Two years after moving out of the White House, former first lady Laura Bush opens up in a new book. She takes aim at her husband's Democratic critics, talks about a deadly teenage car accident and her suspicions that she and her husband may have been poisoned at a summit in Germany.
"Spoken From the Heart," due out next month, may be the most revealing look at Laura Bush's past and her eight years in the White House.
She writes for the first time about the deadly car accident she caused as a teenager in 1963, how she ran a stop sign on the way to a drive-in theater and struck and killed classmate Mike Douglas.
"I was praying that the person in the other car was alive," she wrote. "In my mind I was calling, 'Please God, please God,' over and over again."
Bush, who was 17 at the time of the accident, wrote that she was wracked with guilt for years over the boy's death and for not attending the funeral or reaching out to his parents.
"I lost my faith that November," she wrote. "Lost it for many, many years. It was the first time that I prayed to God for something ... and it was as if no one heard."
Bush, 63, was no less forthcoming about her eight years as the nation's first lady. The demure and reserved first lady lashed out at her husband's critics, chastising House Speaker Nancy Pelosi for calling President Bush an "incompetent leader" and also Senate Majority Leader Harry Reid for calling her husband a "loser and a liar."
"The comments," she wrote, "were uncalled for and graceless. These particular words revealed the petty and parochial nature of some who serve in Congress."
The New York Times obtained an advance copy of the book, which reportedly suggests President Bush, Laura Bush and several members of their staff were poisoned during a G8 Summit in Germany.
Bush wrote that they all fell mysteriously ill, and President Bush was bedridden for much of his time in Germany. The Secret Service investigated the possibility of poisioning, she wrote, but doctors eventually diagnosed them with a virus.
Bush noted several high-profile poisonings and wrote, according the Times, "we never learned if any other delegations became ill, or if ours, mysteriously, was the only one."
Laura Bush also devoted space in her book to sticking up for some of her husband's most-criticized moves, including the decision to fly over the neighborhoods devastated by Hurricane Katrina in 2004.
President Bush was flamed by his political opponents and the media for opting to tour the obliteration of New Orleans from the cushy comfort of Air Force One, rather than meeting with the victims.

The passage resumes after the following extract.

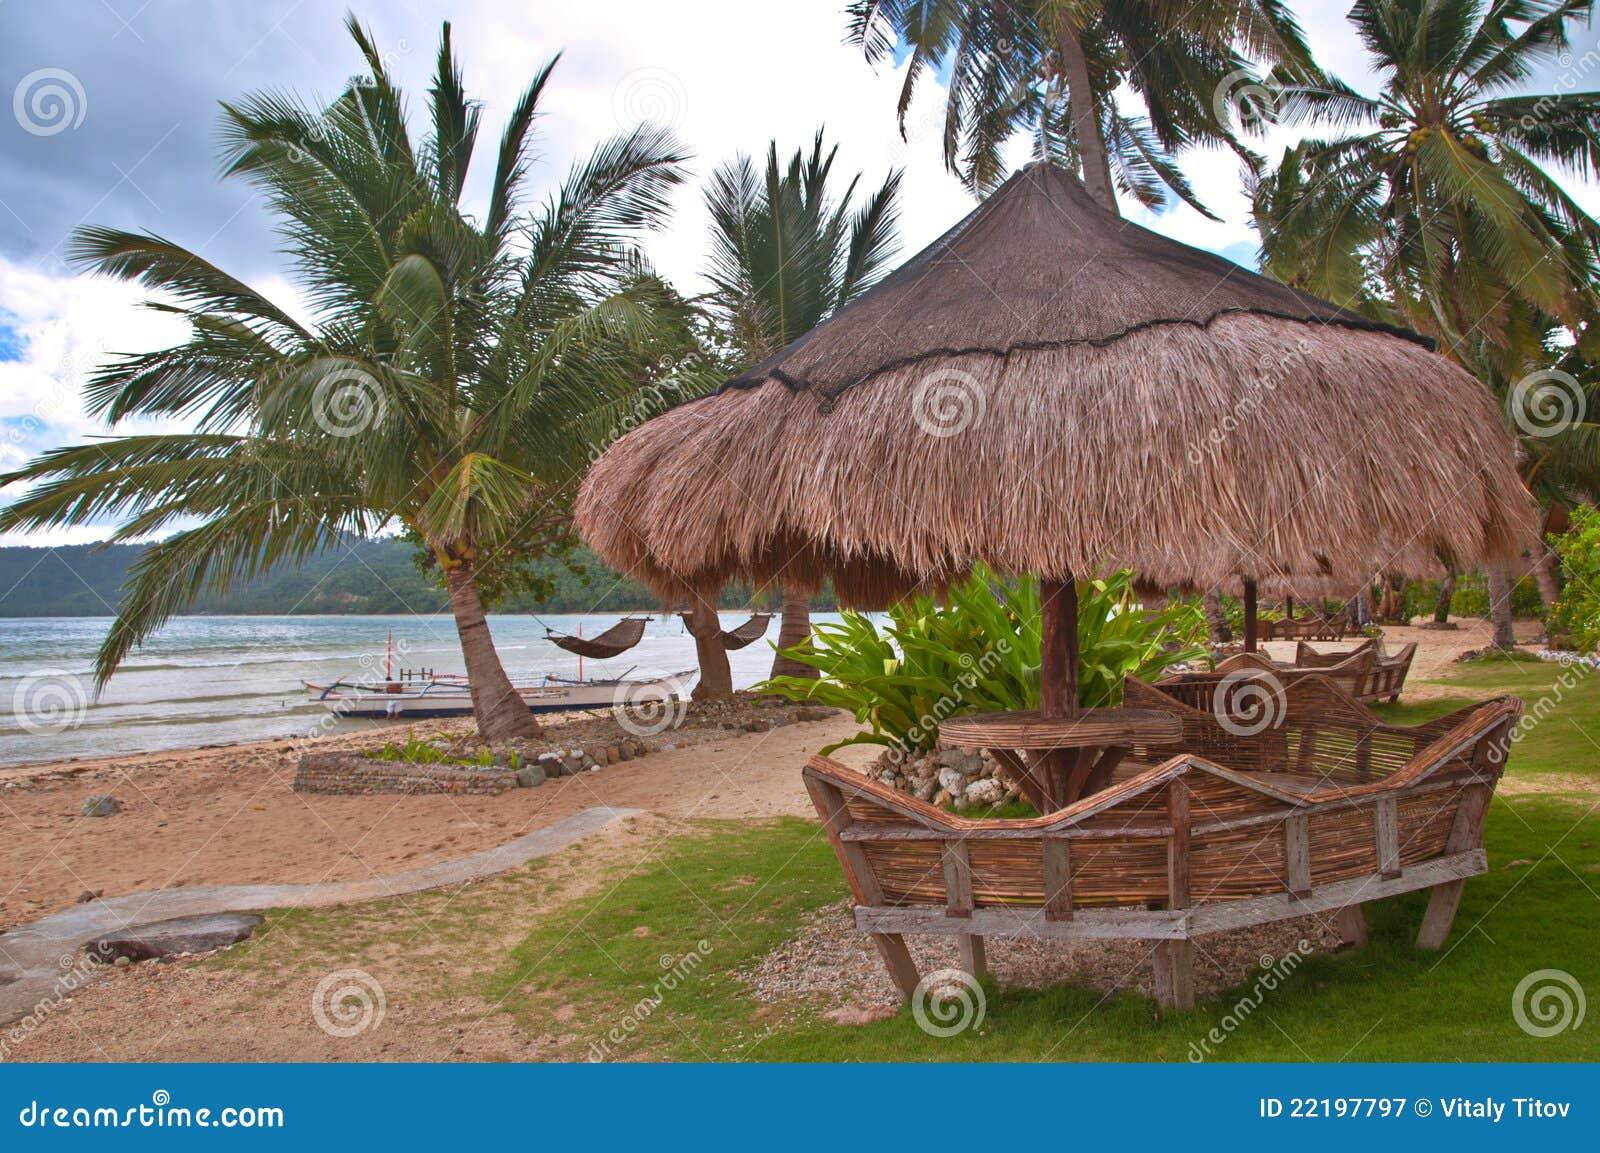 Tropical Island Beach Hut: Tropical Beach Hut Stock Image. Image Of Seascape, Island

But Laura Bush, the Times reported, praised her husband for thinking of what was in the best interests of those victims and the aid workers on the ground.
"He did not want one single life to be lost because someone was catering to the logistical requirements of a president," she wrote. "He did not want his convoy of vehicles to block trucks delivering water or food or medical supplies, or to impede National Guardsmen from around the nation who were arriving to help."
The 464-page book, published by Simon & Schuster's Scribner, is slated for release May 4.